Australasian Muong Nong-type tektites from the locality centered at 16.46150° N, 106.48917° E in Laos contain sporadic spherical heterogeneous sulfide inclusions less than 10 μm in diameter, which have been identified by electron probe microanalyzer and electron backscatter diffraction to represent a mixture of rare mineral shenzhuangite with a pyrrhotite polytype (possibly troilite). Contrary to type shenzhuangite found in the shocked L6 chondrite Suizhou, the mineral embedded in the tektite glass is nearly free of copper, making the composition close to its expected end-member that has not yet been found in nature; the empirical formula closest to ideal end-member composition based on four atoms per formula unit is Ni1.007Fe0.998Cu0.016Co0.058S1.922. The described occurrence also represents the first find of shenzhuangite in terrestrial material. Presented is the Raman spectrum for shenzhuangite with the tentative assignment of spectral bands based on the analogy with synthetic chalcopyrite-structured phases. The chemical composition of shenzhuangite close to NiFeS2 is not consistent with any stable phase in the Fe–Ni–S system up to melting temperature. Available data so far on phase relations in this system do not allow unambiguous interpretation of conditions under which the sulfide association within inclusions had formed.
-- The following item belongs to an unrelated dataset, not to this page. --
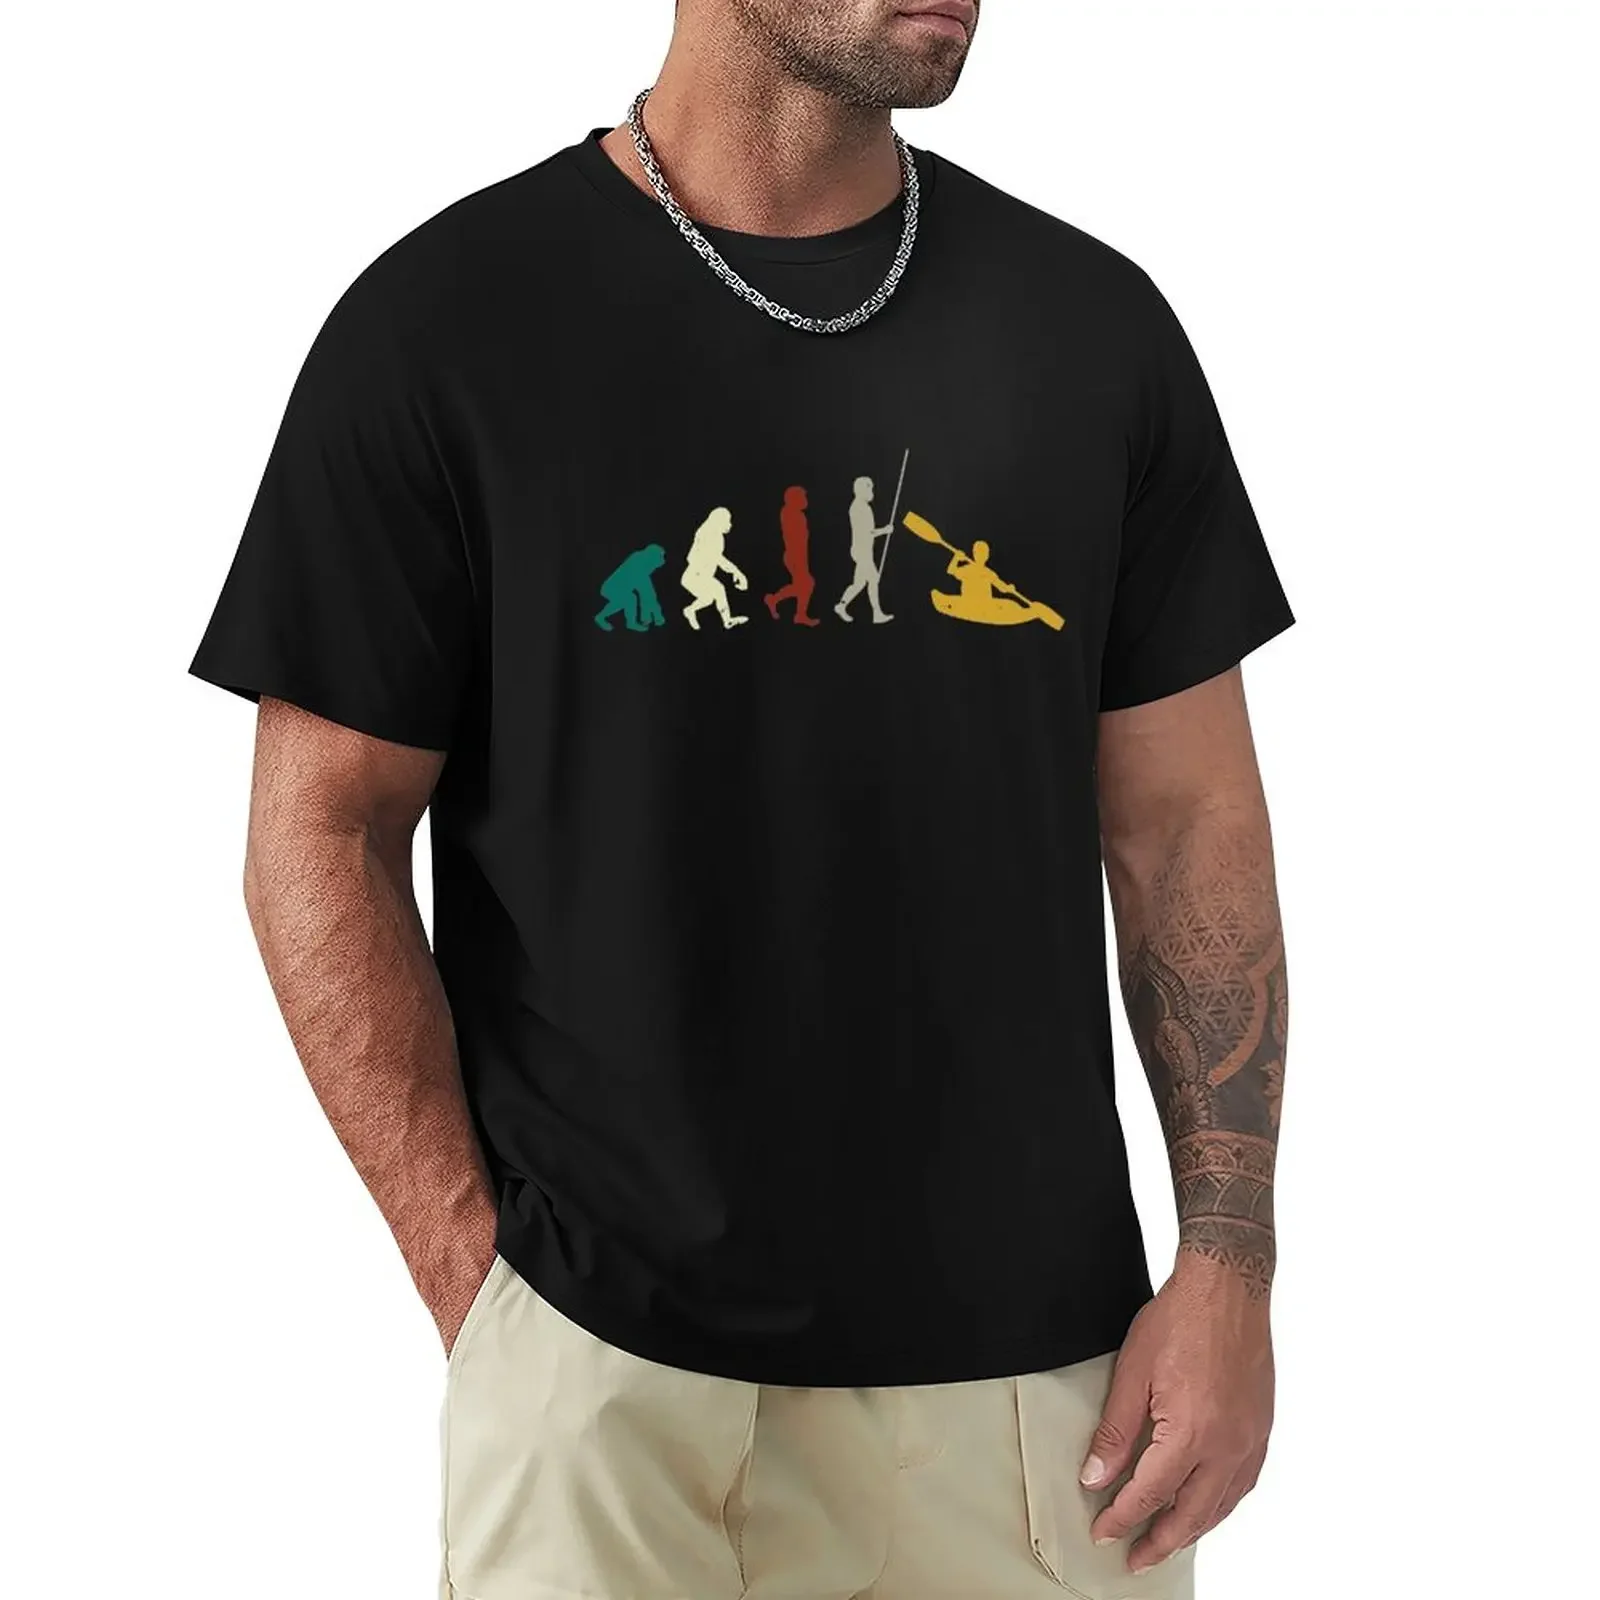 

Canoe kayak evolution paddler kayaker gift canoeing T-Shirt plus size tops summer tops t shirts for men pack

Keywords: Shenzhuangite; tektites; Australasian strewn field; electron backscatter diffraction; electron probe microanalysis; Raman spectroscopy; meteoritic component

Funding and Acknowledgments

This research was funded by the Czech Science Foundation Project No. 17-27099S and was conducted with institutional support RVO 67985831 of the Institute of Geology of the Czech Academy of Sciences. We highly appreciated the reviews by C. Koeberl and two anonymous reviewers, which helped to improve the early version of the manuscript.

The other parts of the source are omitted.